Background information
Teams mentioned in the scandal are Lierse, La Louvière, Sint-Truiden, Mons, Geel and also Germinal Beerschot. Ye always appeared at teams with financial problems, except for Beerschot, who had at that time a crucial match against AEC Mons who were on the verge of relegation. The insinuations about fixed results started after a few matches, on which were heavily betted, with strange events and/or results. Such as e.g. Lierse starting with a reserve team twice unexpectedly. Ye had also been the owner of Finnish team AC Allianssi, due to bankruptcy a now defunct club who also seemed to experience from some strange match events at the end of their existence. Police investigated the case, but found insufficient evidence.

Disappearance
Ye mostly worked together with Pietro Allatta and Olivier Suray. Police arrested both, but Allatta and Suray were released after interrogation. In March 2006, the Belgian Justice Department ordered an international arrest warrant against Ye. It is unknown where he currently remains.
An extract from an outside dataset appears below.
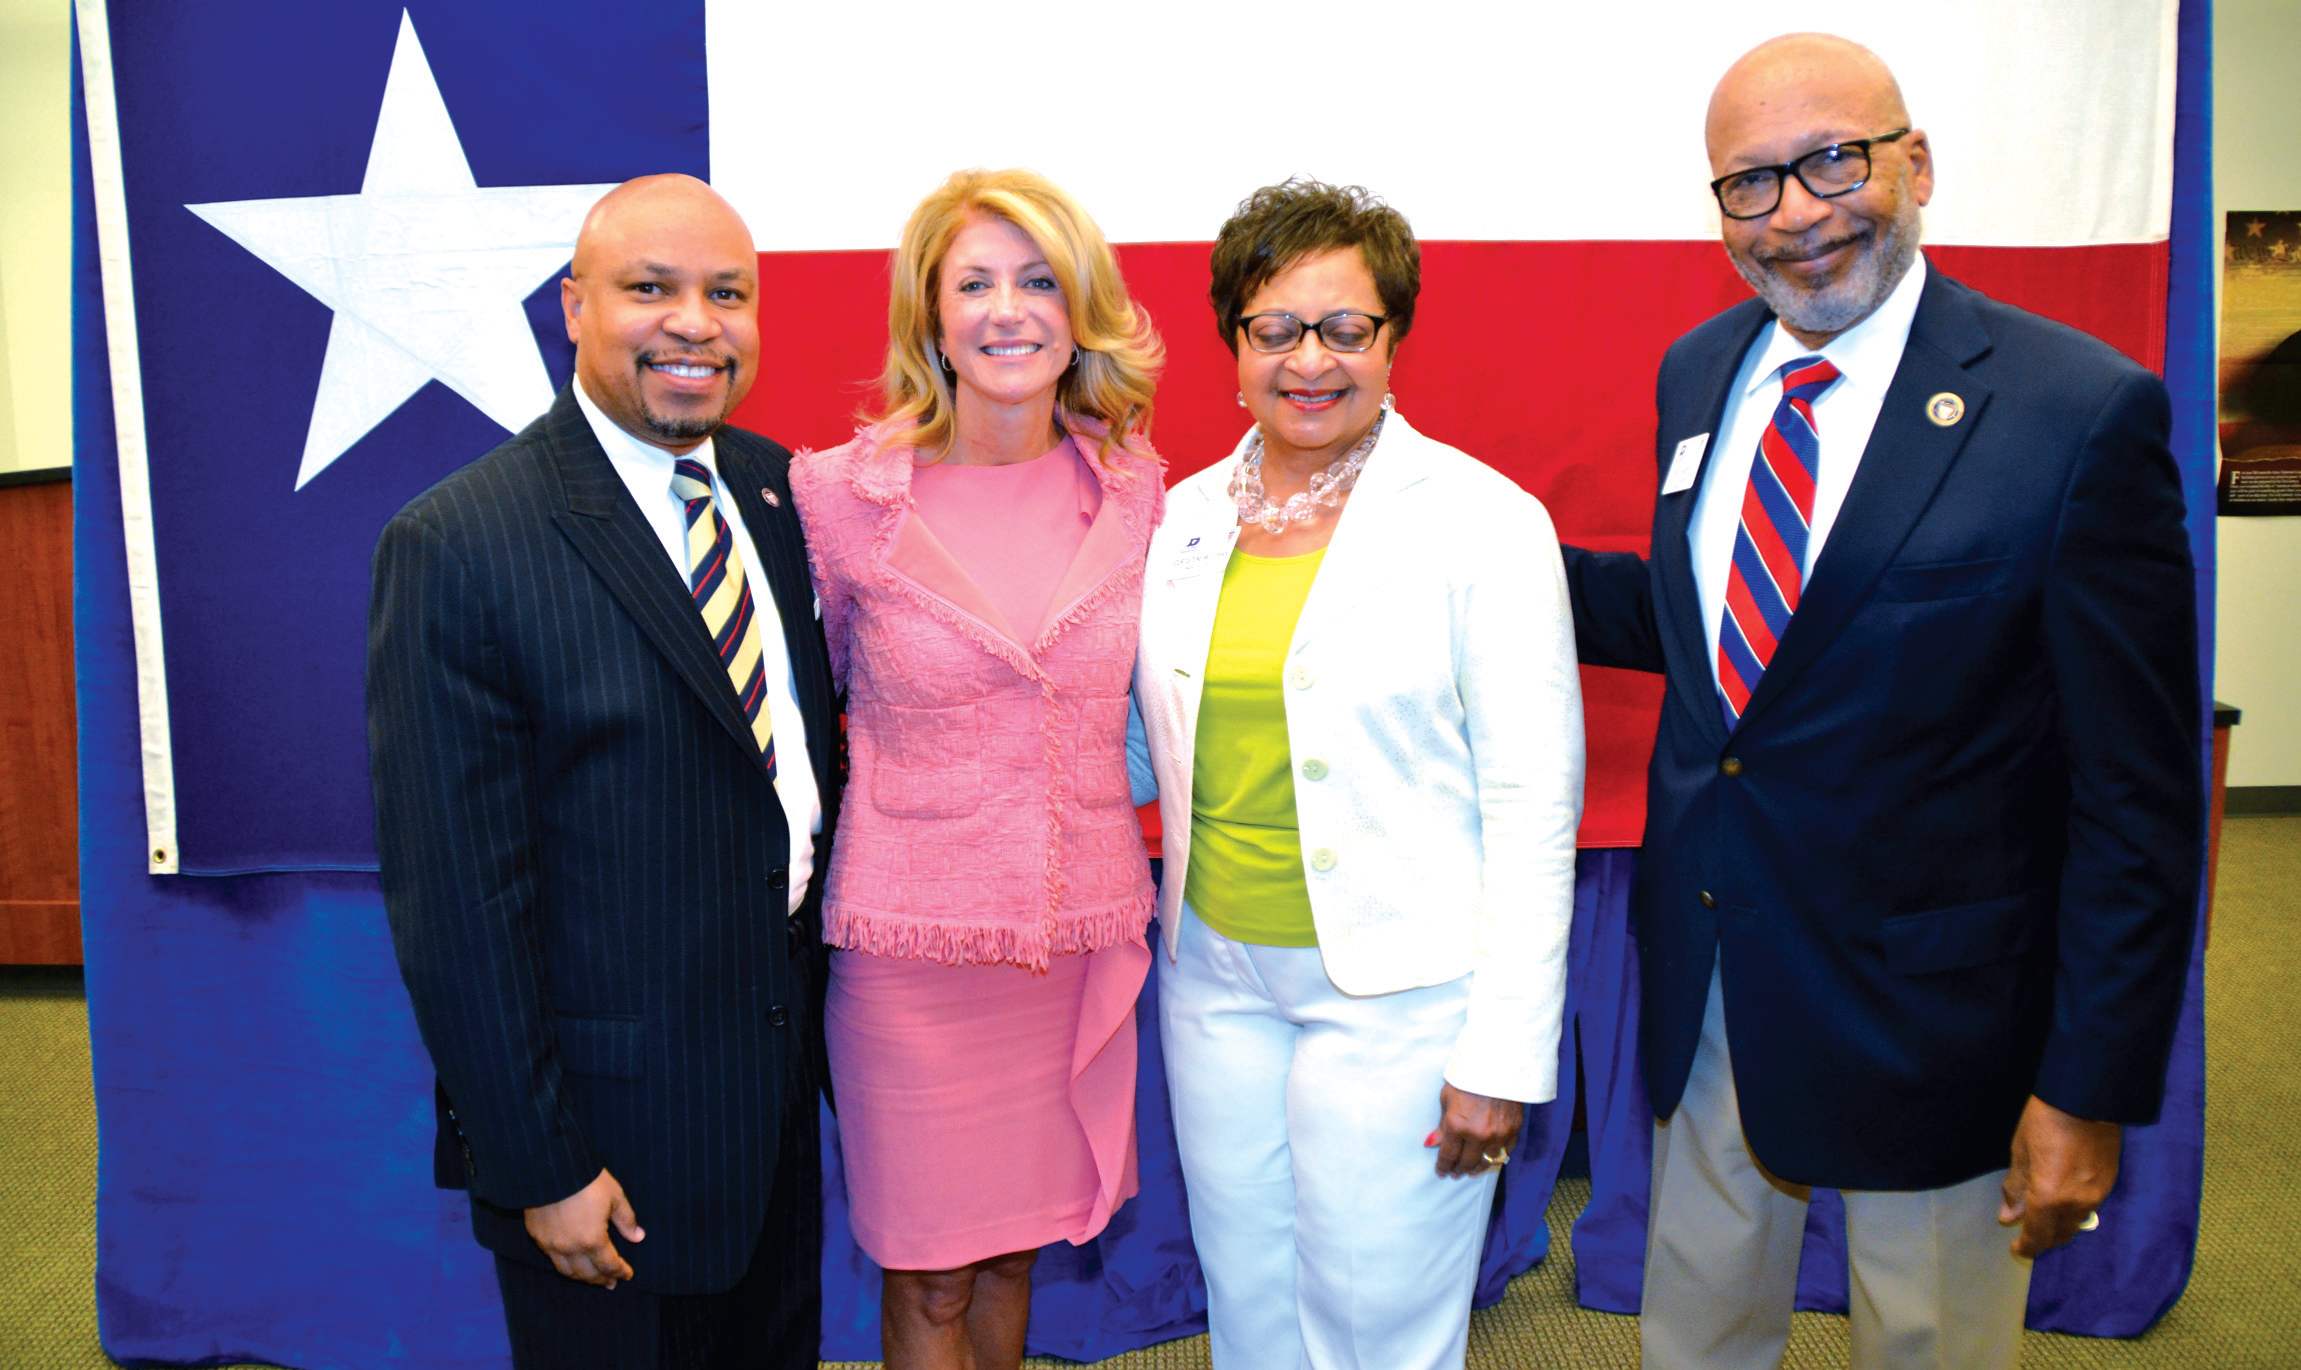 Texas gubernatorial candidate Wendy Davis made a campaign stop at DeSoto High School. Above she poses with Mayor Carl Sherman and Council Members Curtistene McCown and Richard North

His lawyer told French sports paper L'Équipe that Ye denied all accusations and that he was residing somewhere in China.

See also 
List of fugitives from justice who disappeared

References

External links
"Bribery scandal in Belgium" at Xtreme Football Fans Forum
Humo files: Zheyun Ye 

2005–06 in Belgian football
Chinese businesspeople
Fugitives
Fugitives wanted by Belgium
Fugitives wanted on bribery charges
Living people
Sportspeople involved in betting scandals
Sports scandals in China
Sports scandals in Belgium
Year of birth missing (living people)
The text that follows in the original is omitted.